Are you having these conversations with your actors?

Totally. Everyone who really wanted to be a part of this movie was very open and honest. And I think everyone who’s seen it, and everyone who’s read it, was like “Oh, God. Oh, shit. This is so much a part of the culture.” We all had really proper, nuanced discussions about it. But the thing for me with everyone was: You are not a bad person. You woke up this morning knowing in your heart you are a good person. And somebody has turned up and is telling you you’re not. So what do you do? What would any of us do in that situation? It could be about anything. It’s being confronted with a truth that you’re not willing to recognize. And that is true just as much for Cassie. Because when she’s confronted by something she’s done, you can see the horror. She’s not immune to it. 

Image Courtesy of Focus Features

Was there a particular event that led you to write this film? Or was it a culmination of all these discussions that have been taking place over the last handful of years?

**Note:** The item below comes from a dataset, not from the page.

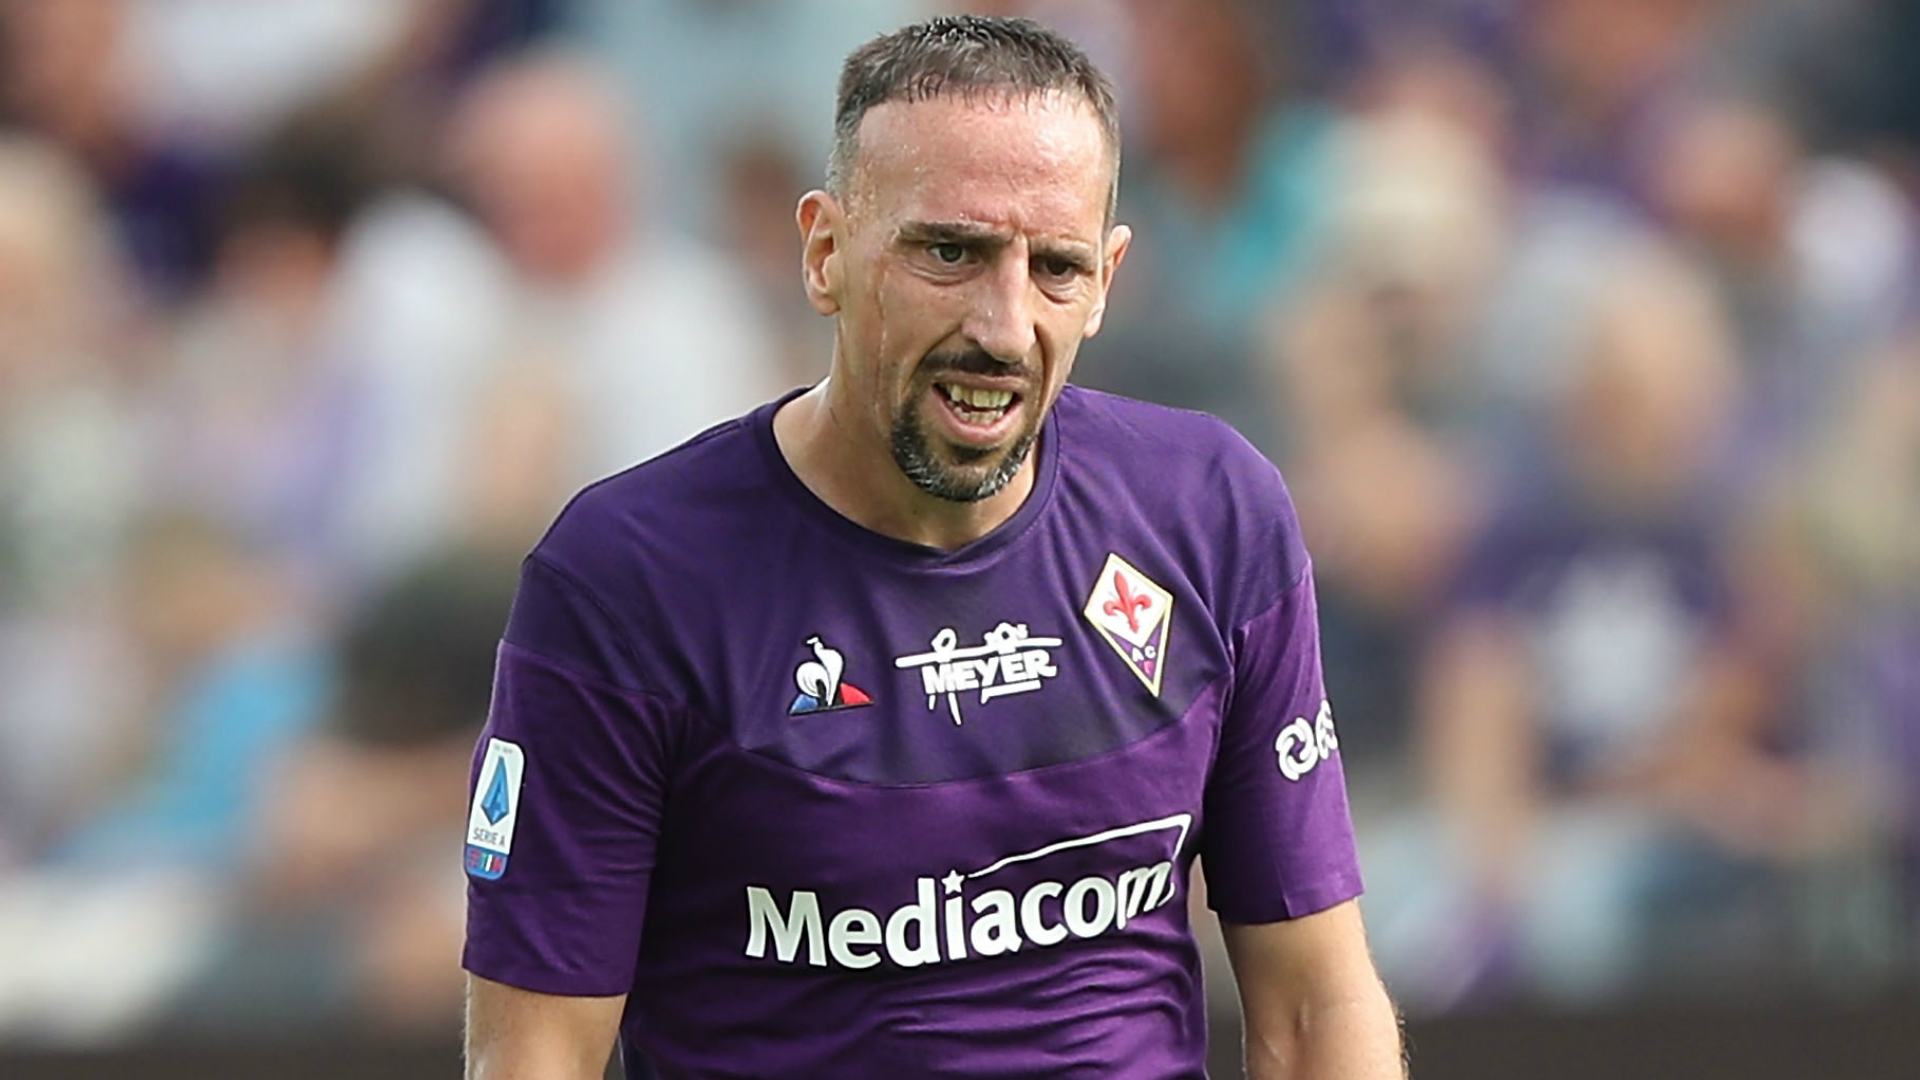 Cambriolé, Ribery pourrait quitter l’Italie plus tôt que prévu

It wasn’t inspired by [the last few years], really, because I started writing it before. It’s something that my friends and I had been discussing since we were at college ourselves. The curtain’s been opened, and the light’s shining on how pervasive this culture is. It’s something I’ve been very, very interested in for a long time. Particularly this idea of one specific part of our culture, which is the use of alcohol and drugs in seduction, which remains still a huge part of the way that people operate. People who would never think themselves bad people. I was wanting to make a film that would be compelling in its own right, but also underneath would want people to examine something deeper. 

It’s definitely a discussion-sparker. I assume, so far where it’s screened, it’s done that? 

Yeah, it has. Also, from a filmmaking point of view, it’s been really interesting seeing how people interpret different facets of it: the set design, the music choices, the casting, the costume design. All this is stuff that we really, really put such great, great care in. What’s so nice is people have really responded to this stuff as well. And that’s nice, because it’s the stuff of making things that’s so pleasurable, as well as obviously writing the script and telling the story.

Photo Credit : Merie Weismiller Wallace / Focus Features

I’ll be honest: When I watched the trailer, a lot of those design elements—the colors, the music, the girly aesthetic of it—made me think it would be a different film than it was. I liked what I saw! But it was a lot more nuanced than what I expected it would be.

The whole idea of the movie was to beckon people in. Beckon and beckon them into a sort of fun, schlocky [atmosphere]. And then lock them in! And not let them out. That’s the experience I want when I go to the movies—to be surprised and challenged in every way. 

For me, what I was trying to do was to have that sense of things dawning on us at different times. It’s seeing people suddenly realize that they’re listening to Paris Hilton [her song “Stars are Blind” is featured in a scene] or recognizing [a] Britney Spears [song], slowed down. The clothes seem so enticing and feminine. But actually, they are hiding something incendiary and frightening. [Cassie is] actually using them as a clever disguise. I wanted it to be surprising. For my personal taste, I like things that are ultra, ultra, ultra-feminine, but also kind of uncanny. Also a bit odd or too much.

What are some of your favorite movies that have surprised you in that way?

Most recently, Get Out and Parasite, for their sense of “I really don’t know where this journey is going, but I’m loving it.” Films like American Psycho and To Die For. Macabre humor that looks beautiful. Anything by Paul Thomas Anderson.

Trojan horse cinema.

That’s it. A Trojan unicorn. That’s the best, all of it! The kind of woman that Cassie is projecting is the ultimate Trojan horse. She uses her blondness and her whiteness and her sweetness to a very clever respect, which makes her very dangerous. I’m interested in the way that woman can be dangerous.